• Your task: Take the data below and copy exactly the lines starting at the one with "Gerald Ford Portrait Socks (Men's)" and finishing at the one with "Samsung Galaxy S21", both included.

• Data excerpts:
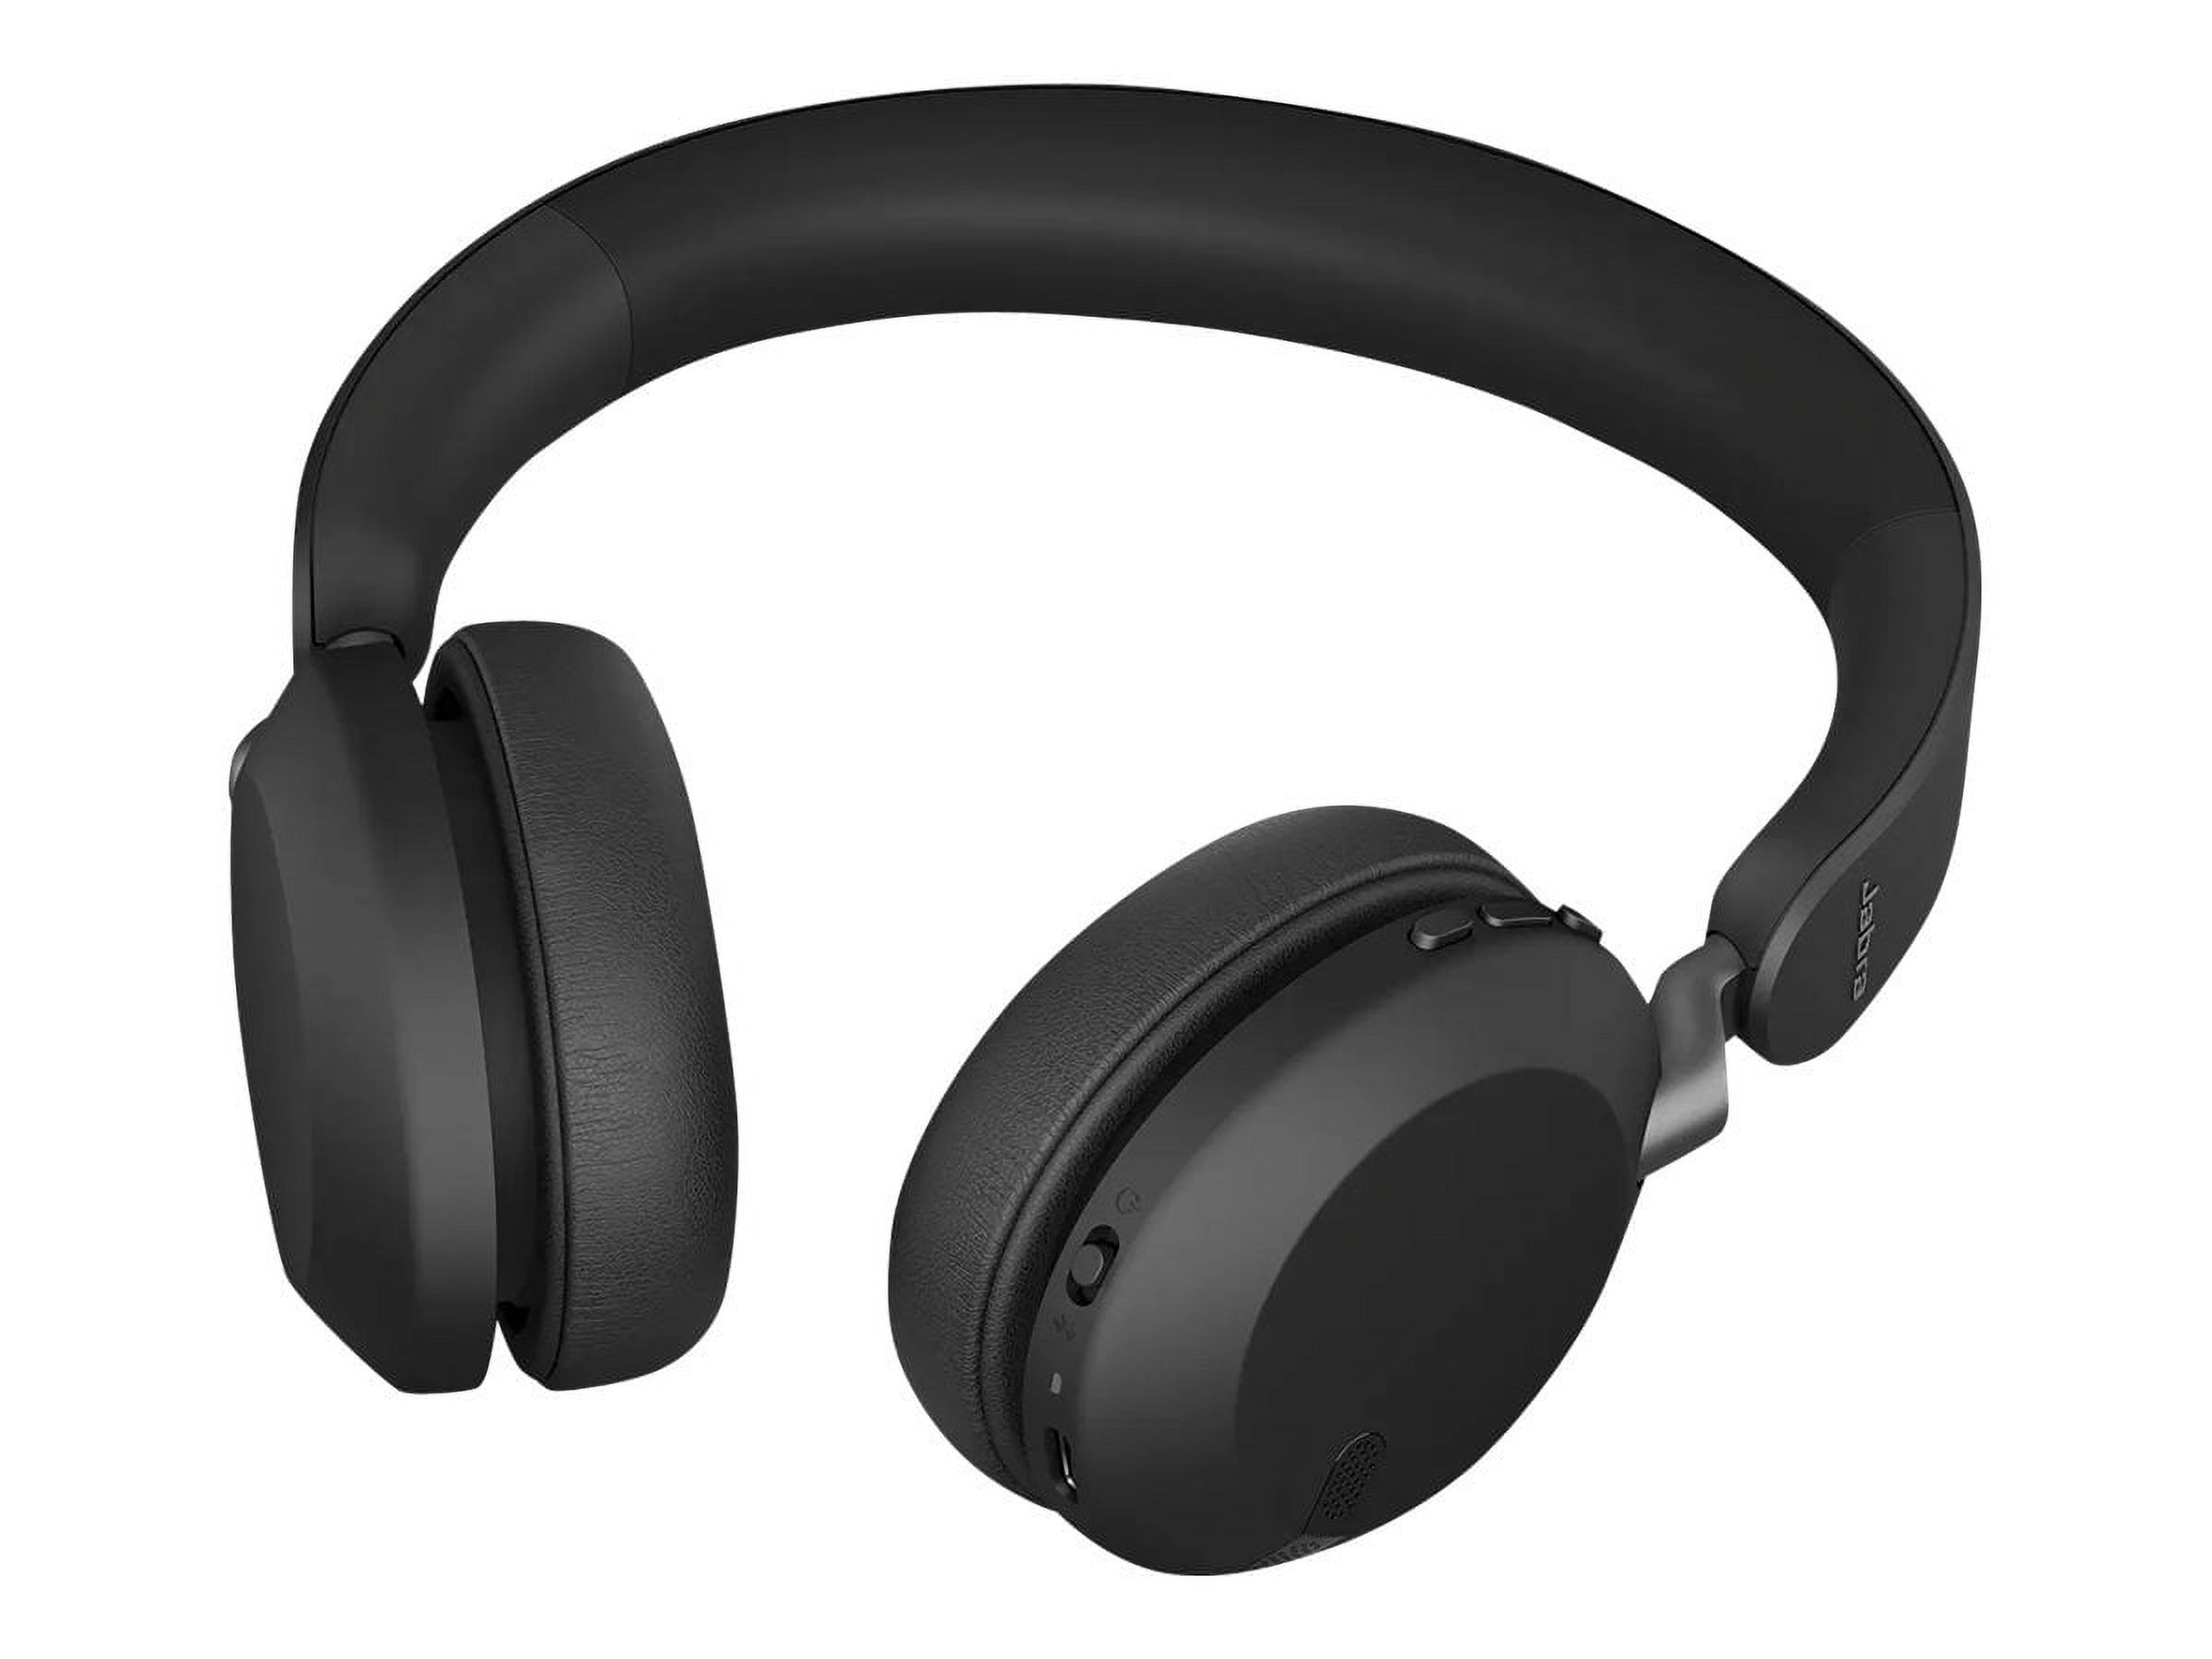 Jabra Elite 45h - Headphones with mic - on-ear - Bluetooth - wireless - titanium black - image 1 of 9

---

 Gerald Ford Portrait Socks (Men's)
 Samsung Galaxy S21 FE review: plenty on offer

• Solution for this exercise:
 Gerald Ford Portrait Socks (Men's)
 Samsung Galaxy S21 FE review: plenty on offer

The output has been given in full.